Which has a larger context window, Kimi K2 or Nemotron 3 Nano Omni?

Kimi K2 supports 262k tokens, while Nemotron 3 Nano Omni supports 262k tokens. That gap matters most for long documents, large codebases, retrieval-heavy agents, and conversations where earlier context must remain visible.

Is Kimi K2 or Nemotron 3 Nano Omni open source?

Kimi K2 is listed under MIT. Nemotron 3 Nano Omni is listed under NVIDIA Open Model. License labels affect whether you can self-host, redistribute weights, or rely only on hosted APIs, so confirm the upstream license before deployment.

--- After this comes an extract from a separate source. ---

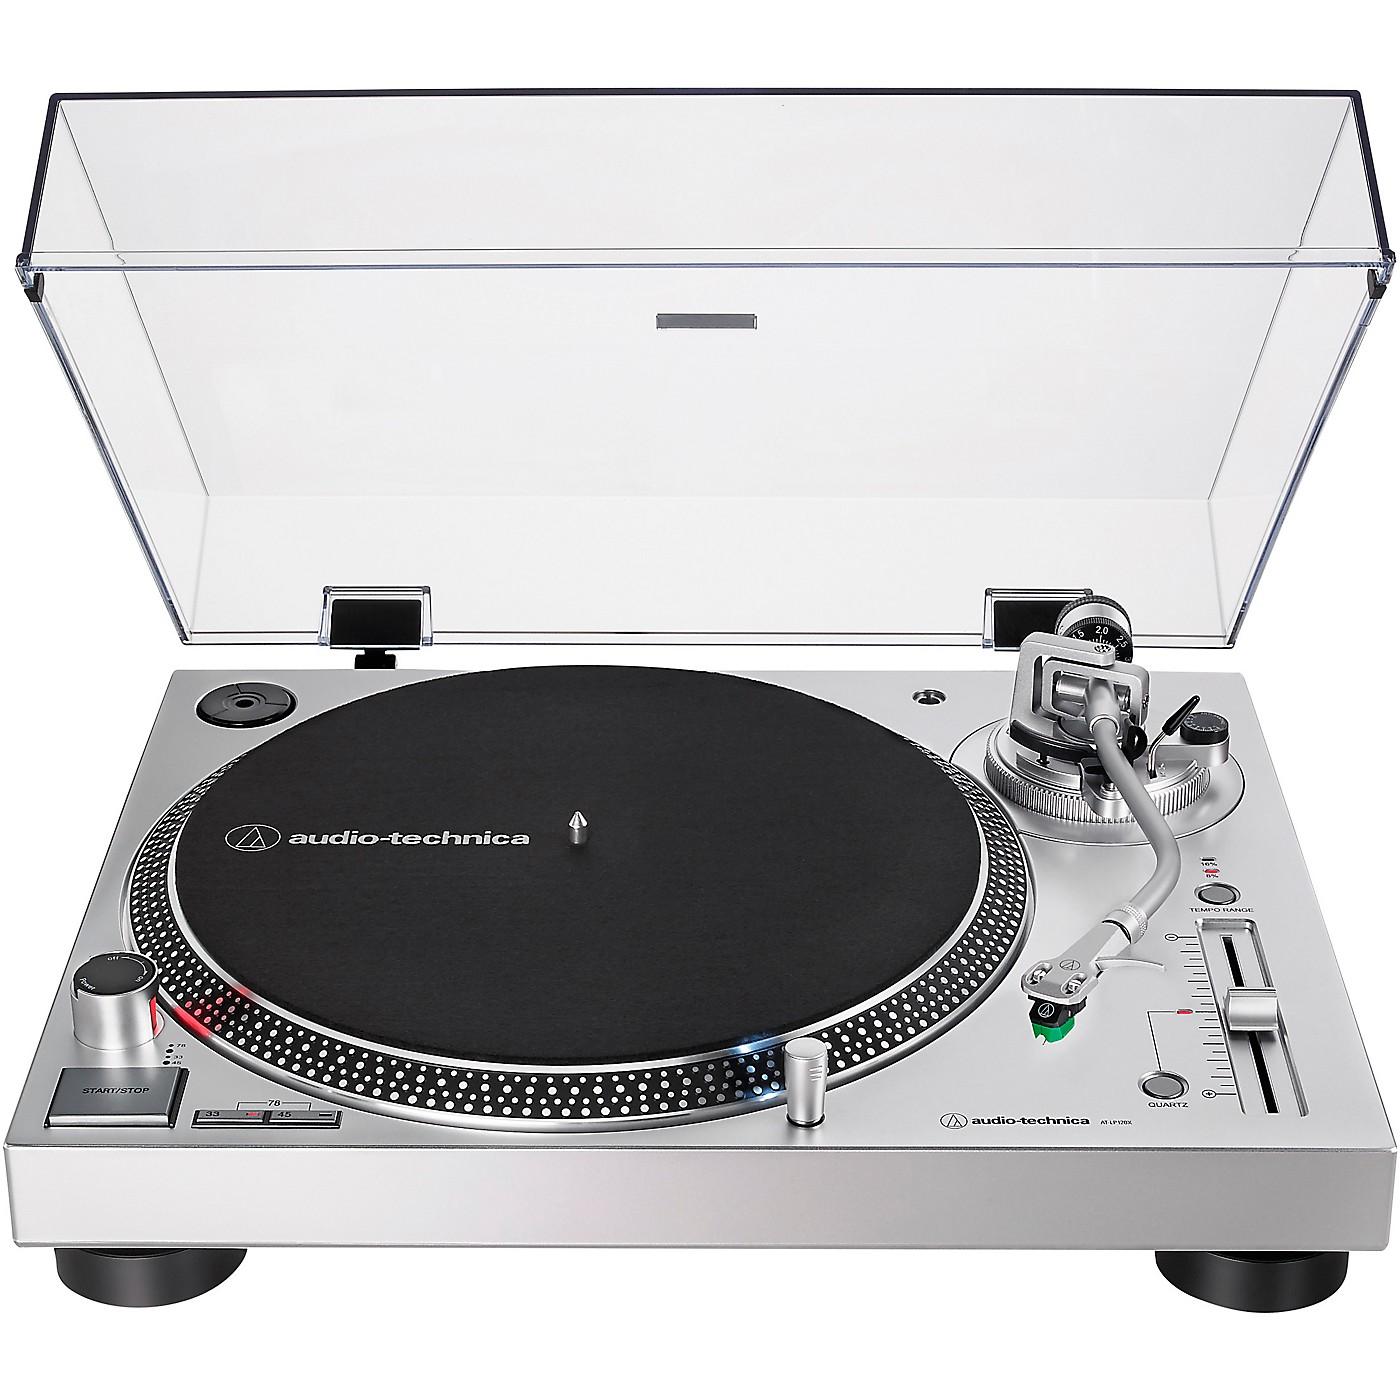 Audio-Technica AT-LP120XUSB Direct-Drive Professional Turntable (USB & Analog) thumbnail
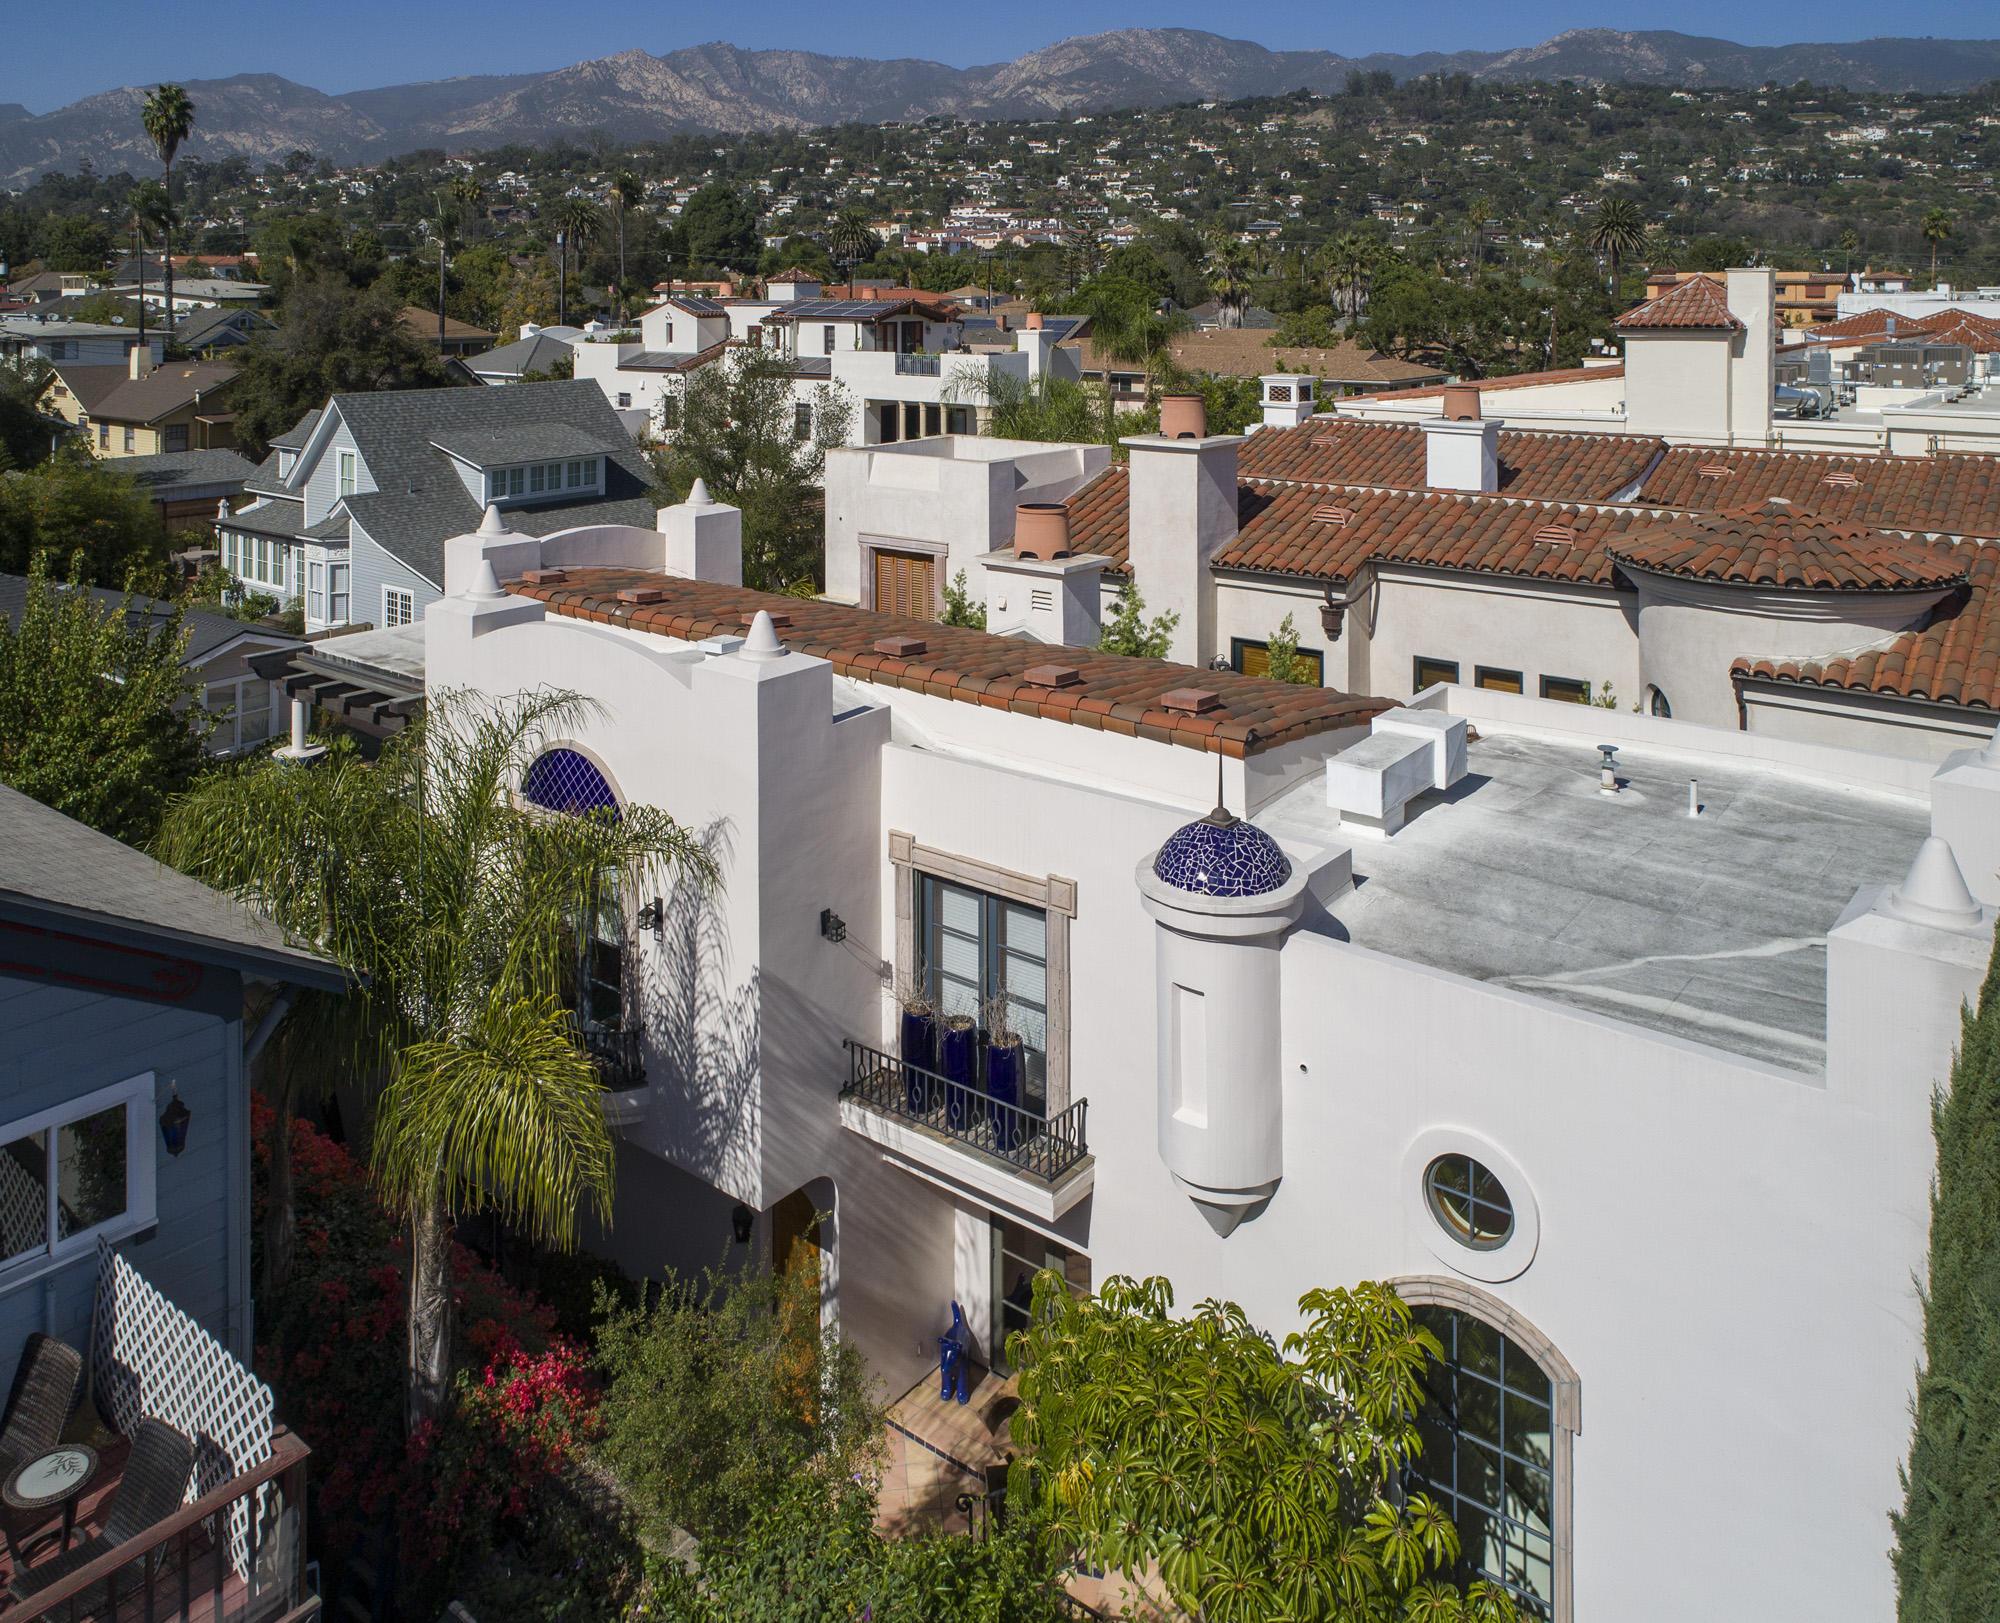 Property photo for 212 Equestrian Ave Santa Barbara, California 93101 - 17-3526

Which is better for multimodal input, Kimi K2 or Nemotron 3 Nano Omni?

Nemotron 3 Nano Omni has the clearer documented multimodal input signal in this comparison. If multimodal input is mission-critical, validate it against the provider endpoint because model-level support and API-level exposure can differ.

Which is better for function calling, Kimi K2 or Nemotron 3 Nano Omni?

Kimi K2 has the clearer documented function calling signal in this comparison. If function calling is mission-critical, validate it against the provider endpoint because model-level support and API-level exposure can differ.

Which is better for structured outputs, Kimi K2 or Nemotron 3 Nano Omni?

Kimi K2 has the clearer documented structured outputs signal in this comparison. If structured outputs is mission-critical, validate it against the provider endpoint because model-level support and API-level exposure can differ.

Where can I run Kimi K2 and Nemotron 3 Nano Omni?

Kimi K2 is available on OpenRouter, AWS Bedrock, and GCP Vertex AI. Nemotron 3 Nano Omni is available on OpenRouter. Provider coverage can affect latency, region availability, compliance posture, and fallback options.

Continue comparing

Last reviewed: 2026-06-04. Data sourced from public model cards and provider documentation.